Monday, August 3, 2015

Deaths reported amid warplane crash in Syria



Monitor says more than 20 killed in Ariha, in Idlib province, at site of government air raids and subsequent jet crash.

Government air raids in a northwestern town in Syria and a subsequent crash of a government warplane have killed more than 20 people, according to a monitoring group.
The London-based Syrian Observatory for Human Rights said it was not immediately clear how many of the dead were from the crash at a residential area in Ariha, in Idlib province, and how many from the prior bombardment.
"It was flying at a low altitude when it had a mechanical failure," Rami Abdel Rahman, the Syrian Observatory's head, said, citing medical officials and residents inside the town.
At least 23 people, including two children, were killed.
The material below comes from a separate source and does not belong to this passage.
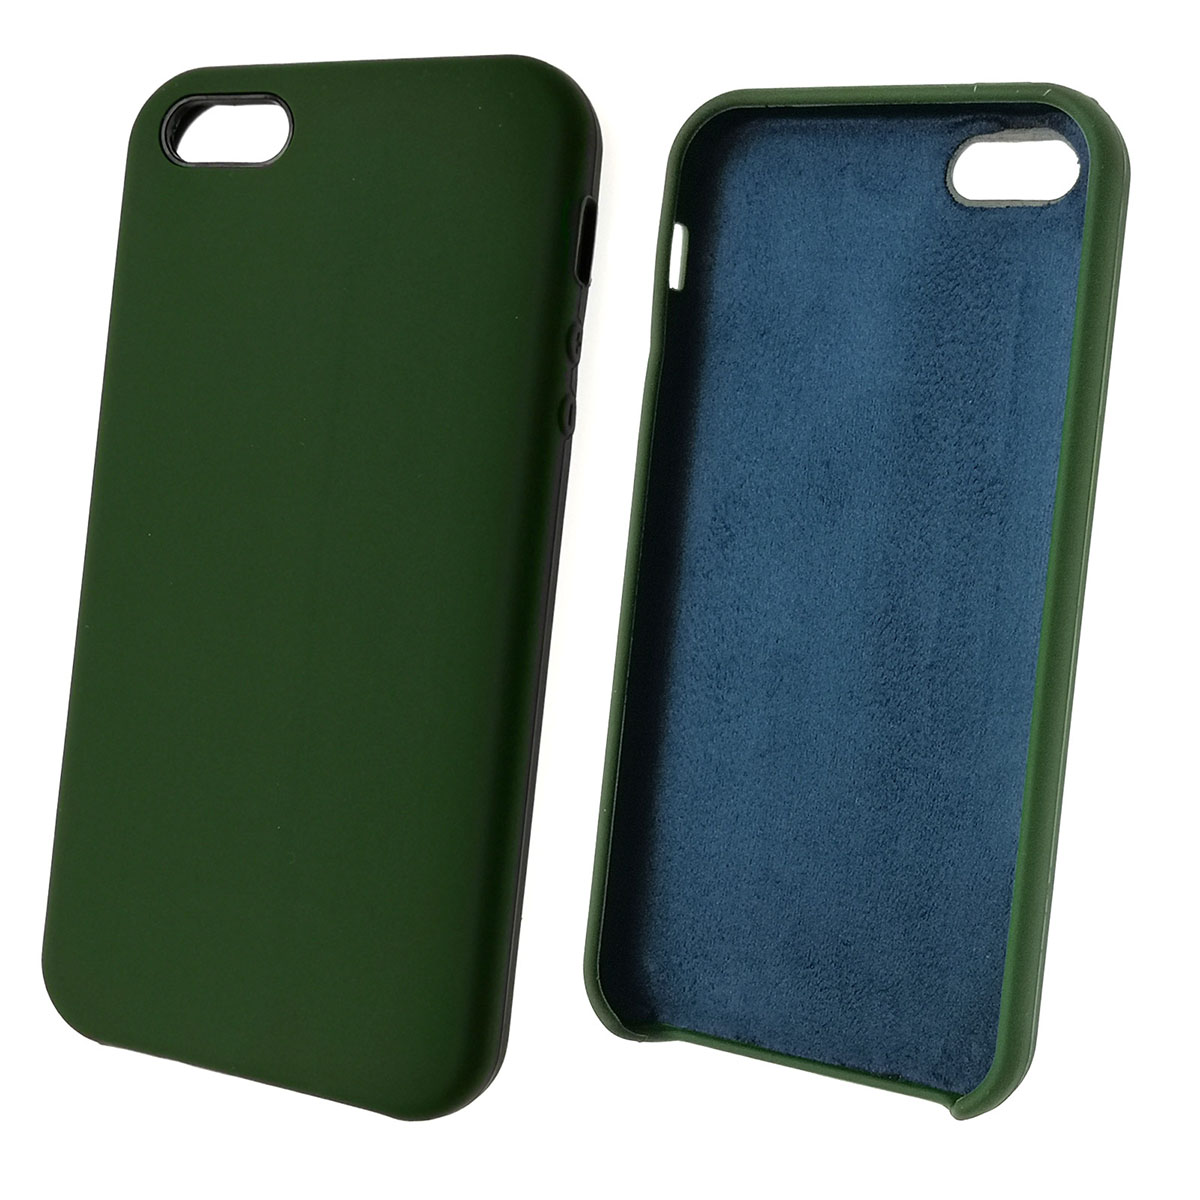 Чехол накладка Silicon Case для APPLE iPhone 5, 5S, SE, силикон, бархат, цвет болотный

Five of them have not been identified."
Abdel Rahman said at least 70 people were wounded. "Six people are still under the rubble, and we don't know if they are alive or dead," he said.
Residents cited by the Syrian Observatory said the plane had crashed near a vegetable market, causing "a huge blast".
The Syrian Observatory, which relies on a wide network of activists, medics, and fighters throughout Syria, said the fate of the pilot was unknown.
Air-power monopoly
The Local Coordination Committees, another activist group, said it was not immediately clear whether the plane was shot down.
It said 27 people were killed and many others were wounded.
The government of President Bashar al-Assad has relied heavily on its monopoly of air power in the four-year-old civil war, repeatedly bombing opposition-held towns.